Andrew Higson, University of York, UK
Local, National, Transnational, Global
Abstract: Over the last decade, I’ve been exploring the changing ways in which nation-states, production and distribution corporations, filmmakers and audiences have engaged with cinema in the era of globalisation. While there is much evidence of trans-national activity, there is also much evidence that the nation-state still matters, and that versions of national cinema can still be identified, especially as nations around the world develop neo-liberal creative industry policies that engage with nation branding and the exercise of soft power. I will examine the resilience of popular national cinema in Europe, but also those ‘European’ films that do travel. I’ll also look at the way that global corporations such as Netflix engage with the local, and at how national cinema is articulated in authoritarian states, even as they seek to participate in the global production and circulation of media content.
Andrew Higson is Professor of Film and Television at the University of York, UK. He has published widely on British cinema and on questions of national and transnational cinema. His books include Film England: Culturally English Filmmaking since the 1990s (2011) and (as co-editor) European Cinema and Television: Cultural Policy and Everyday Life (2015). He was the Director of MeCETES (Mediating Cultural Encounters Through European Screens; 2013-2016) and SIGN (Screen Industries Growth Network; 2020-2022)
Rachel Harris, University of Illinois, USA
Lady of the Arabs: Local Beauty Queens in Global Contexts
Abstract: The modern beauty pageant lies at the intersection of gender and nationalism, and its cinematic representation further idealizes the image of the beauty queen as the paradigmatic representation of the nation. Fictional films and reality television have frequently focused on the most superficial elements: the combination of beauty and competition. The global nature of pageant culture means that it is not only the United States that has made such films, rather they are common and widespread globally, frequently depending on the same tropes, creating a local nuance to an international phenomenon. Lady Kul el-Arab a documentary by Ibtisam Mara’ana Salh disrupts these cinematic expectations. The film follows Duah Fares, a Druze woman living in Israel, as she trains to compete in the Lady of the Arabs (Lady Kul el-Arab) pageant in Jerusalem, and then later enters the Miss Israel competition in Tel Aviv. This paper explores the role of gender in front and behind the camera, and the resonance between the global and the local in the transnational phenomenon of the beauty pageant.

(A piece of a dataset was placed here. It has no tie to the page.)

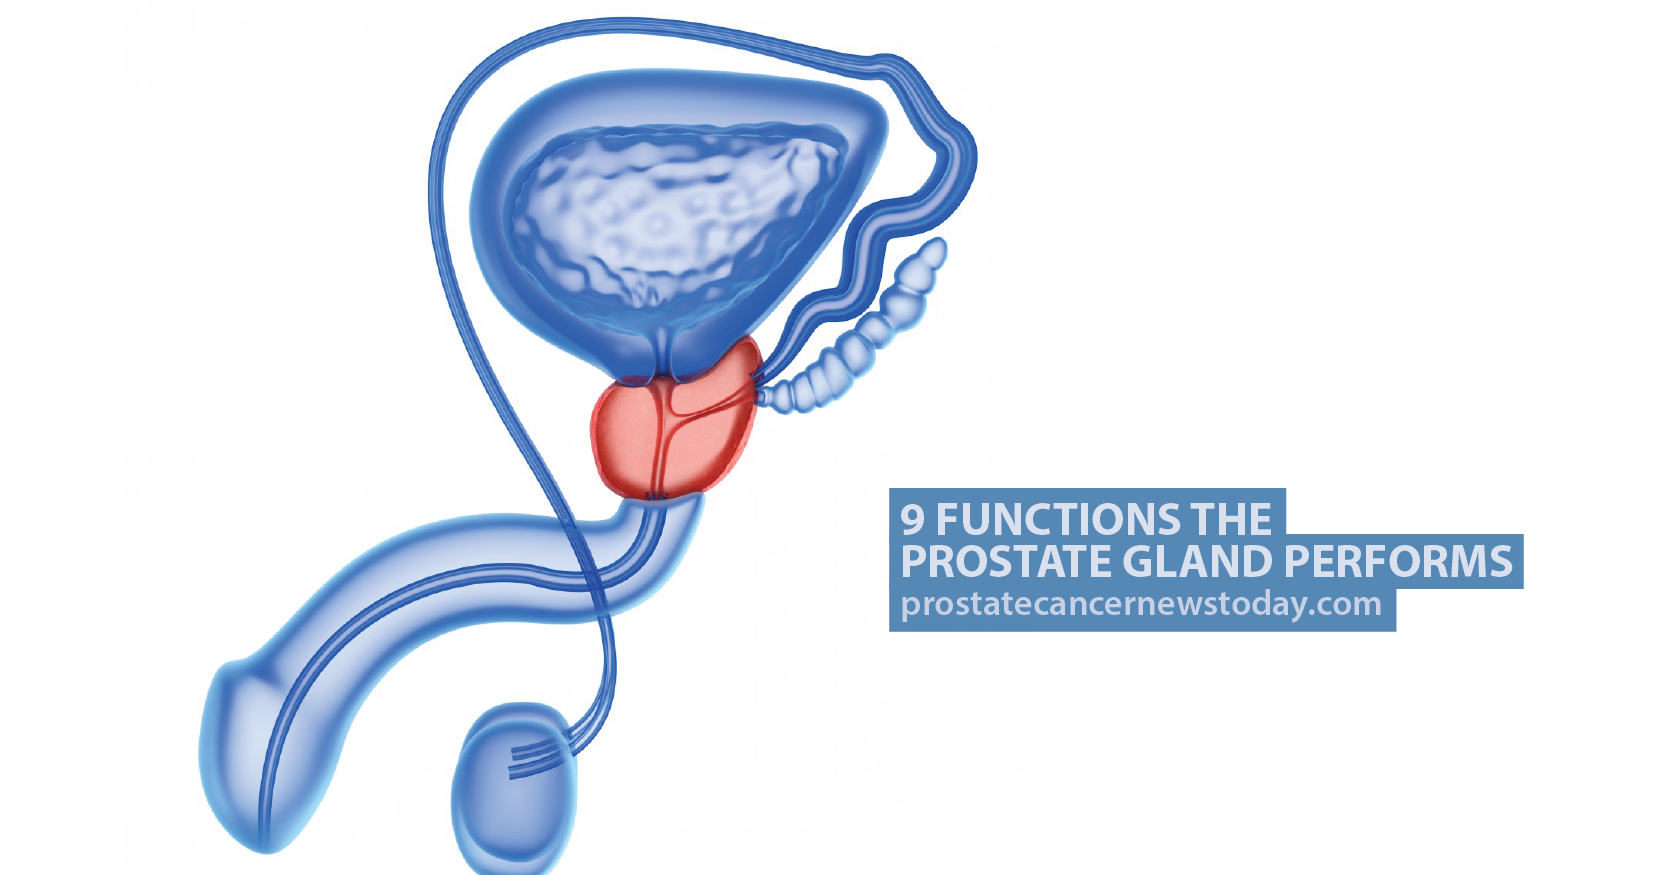 9 Functions the Prostate Gland Performs

Rachel Harris is Associate Professor of Israeli Literature and Culture at the University of Illinois. Her most recent books include Warriors, Witches, Whores: Women in Israeli Cinema (2017), An Ideological Death: Suicide in Israeli Literature (2014), the co-edited Casting a Giant Shadow: The Transnational Shaping of Israeli Cinema (2021), and the edited volume Teaching the Arab-Israeli Conflict. She is editor of the Journal of Jewish Identities and co-edits a new four-volume translation project: An Anthology of Modern Hebrew Literature.